Used effectively, a pre-submission can reduce uncertainty and help manufacturers avoid costly misalignment with FDA expectations. However, poorly planned pre-subs can be ineffective, particularly where questions are too broad or insufficiently supported by background information.
FDA expects pre-submission questions to be specific, focused, and supported by sufficient context to enable meaningful feedback. Submissions that lack clarity or request advice outside FDA’s remit may result in limited or non-actionable responses.

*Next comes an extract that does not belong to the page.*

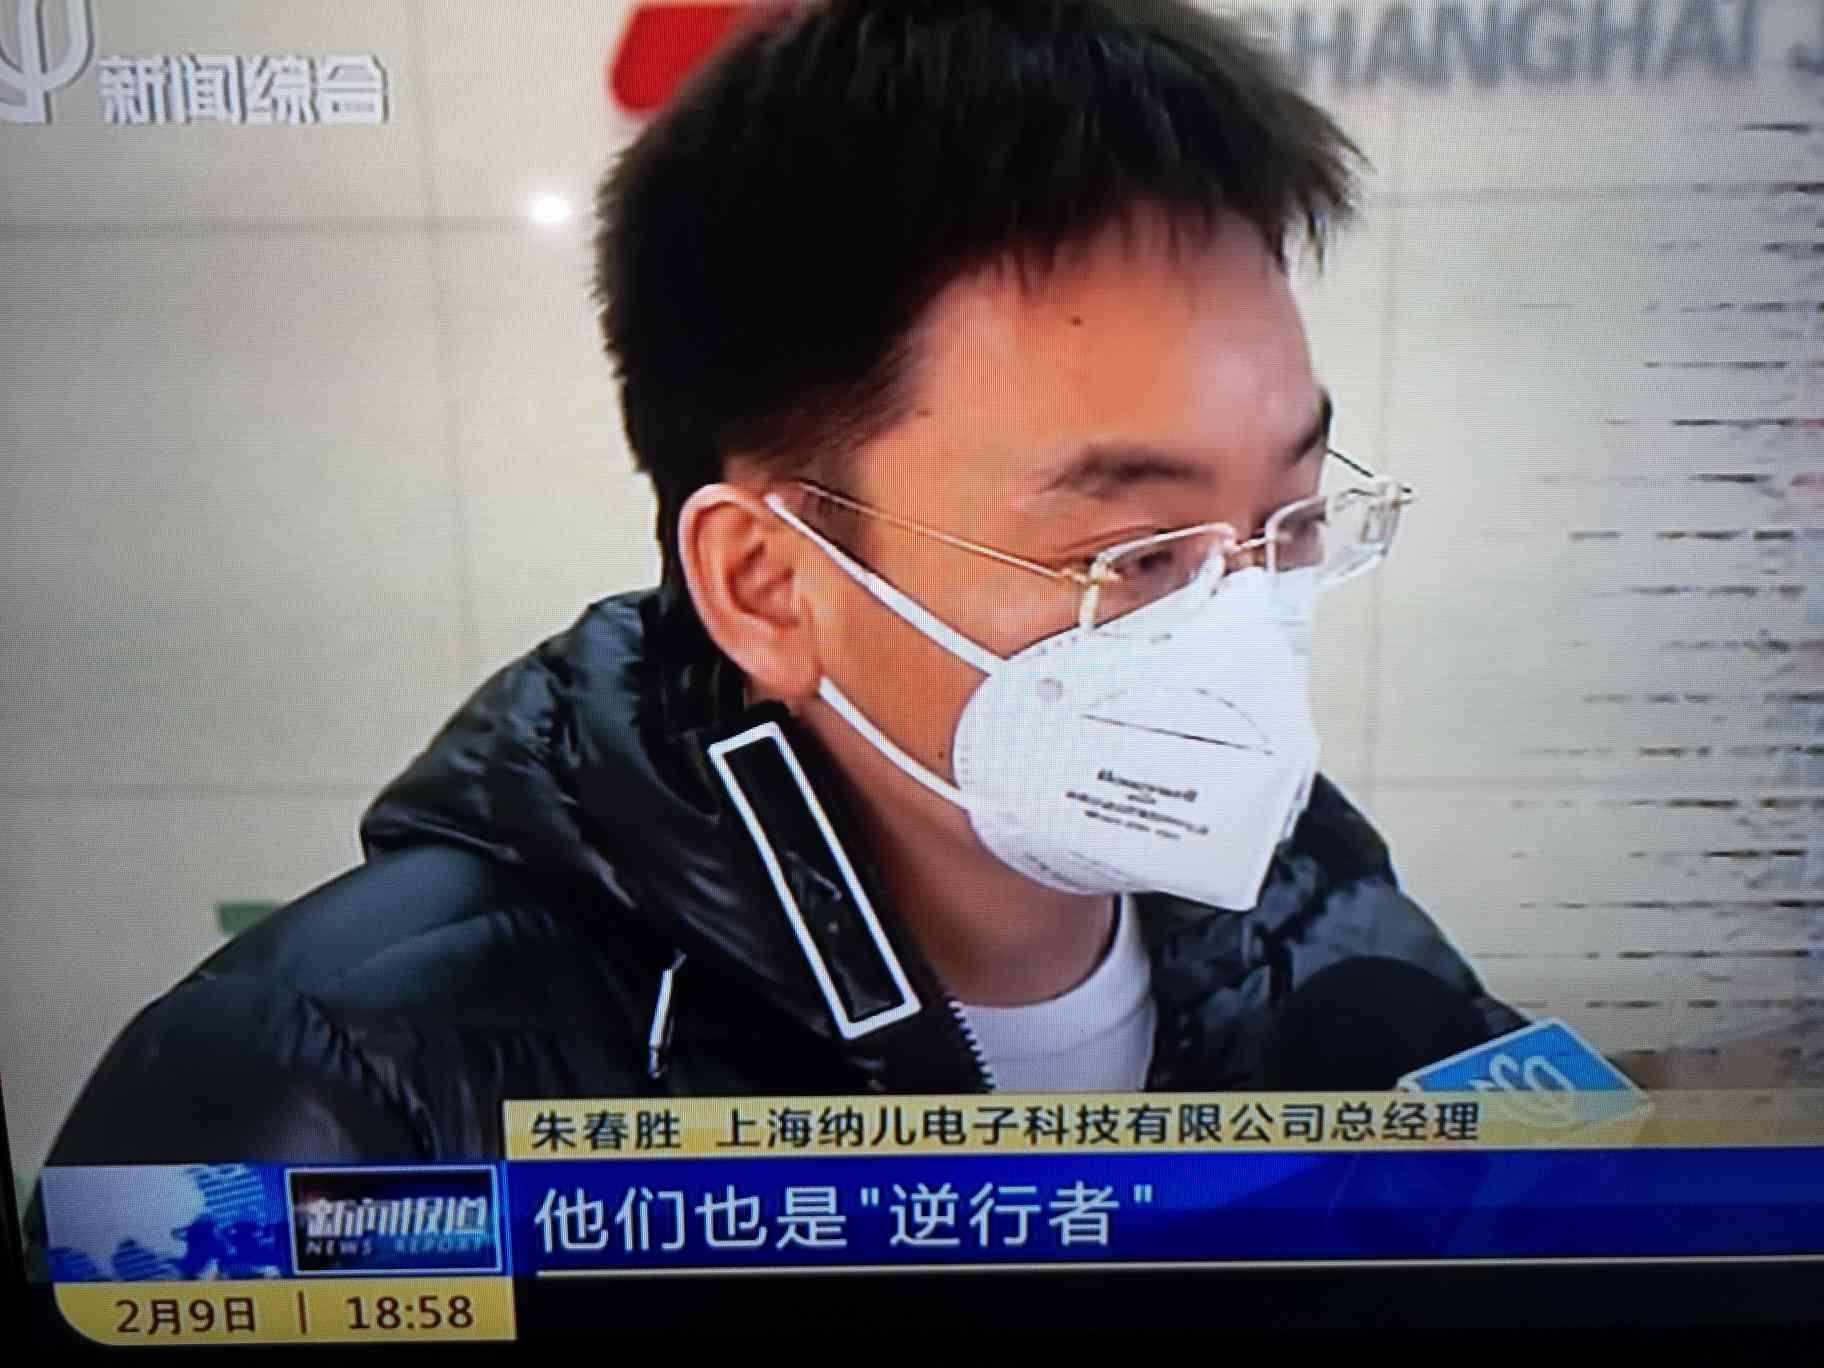 【上海民建】六次捐献物资 守护公交一线——静安民建会员朱春胜

Pre-subs are particularly valuable for novel technologies, devices with complex performance testing requirements, or where clinical evidence expectations are unclear. They can also be used strategically to confirm predicate suitability or to discuss changes to previously cleared devices.
How Practical RA Can Support
Practical RA supports pre-submission activities, including:
- Pre-submission strategy and planning
- Drafting focused regulatory questions
- Preparation of briefing documents
- Review of FDA feedback and follow-up planning
Our focus is on producing documentation that is clear, consistent, and defensible from a regulatory review perspective.